The CGC statistics include volumes of bulk crops moved through facilities licensed by the Commission.

“Canadian wheat exports, although at lower prices than year ago, have been the crop export star, outpacing last year’s exports by 6%. The strong wheat exports are a likely reflection of Canada’s available supply of high-quality wheat and weakness in our dollar relative to that of the U.S.”

Canadian durum exports, down by 35% this crop year to date, have been hampered by an increased durum supply from Turkey, and Canada’s competitive freight disadvantage to Mediterranean region durum importers. Canada, the world’s largest oat exporter, is exporting a similar oat volume as last crop year so far.

Barley and canola exports are significantly lower than the year ago pace, down 34% and 32% respectively. Competition from Australian sourced exports are the main reason for the drop in barley and canola exports.
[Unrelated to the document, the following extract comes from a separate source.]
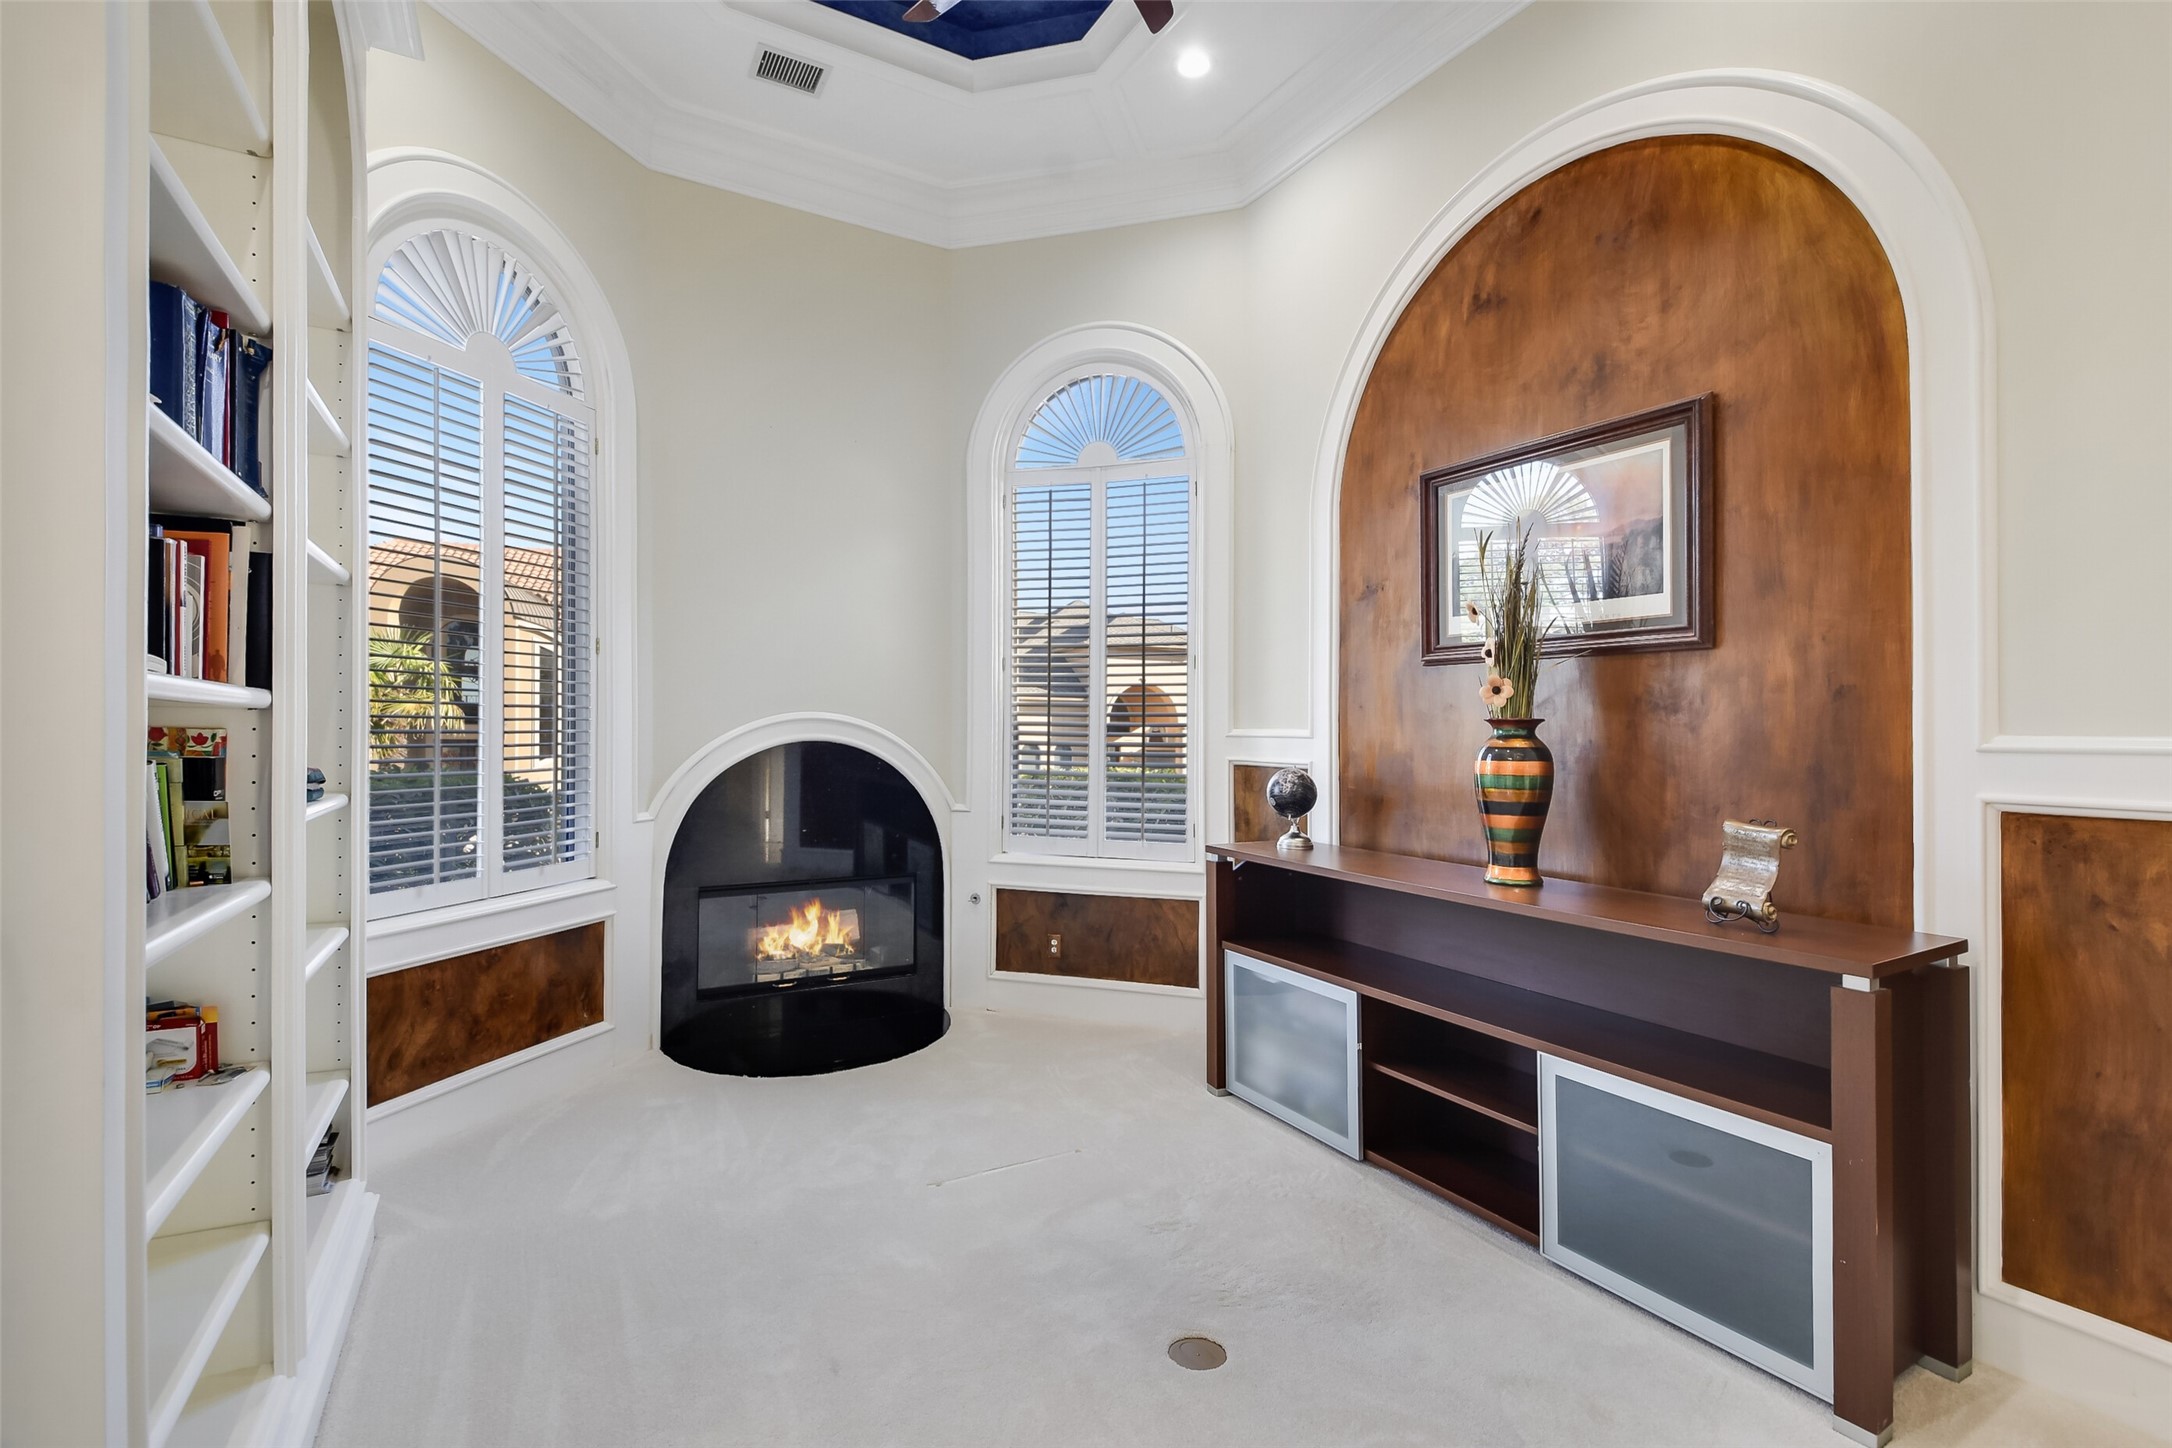 Study/Office with lakeview boasts built-in shelves and a gas log fireplace.

“If the lower barley and canola exports continue, that is a drag on potential price improvement for these crops,” explains Blue. “However, seasonal sensitivity to growing season weather should provide some pricing opportunities for crops in general during May into July.”

Pea exports have notably risen to a level 18% above year ago, due to a temporary lifting of pea import restrictions by India.

“While Canadian canola exports have been disappointing this crop year, domestic use of canola by crushers is potentially headed for a record-high volume,” says Blue.

Following recent expansion of Canada’s oilseed crushing industry, and with additional crushing capacity under construction, domestic canola consumption via crushing during the current crop year is 6% above year ago. Steady domestic demand for the other major Canadian crops is resulting in domestic disappearance at similar levels to last crop year.

“Following the Canadian crop disappearance levels is one aspect of assessing market condition for crops and the potential for forward pricing opportunities,” says Blue.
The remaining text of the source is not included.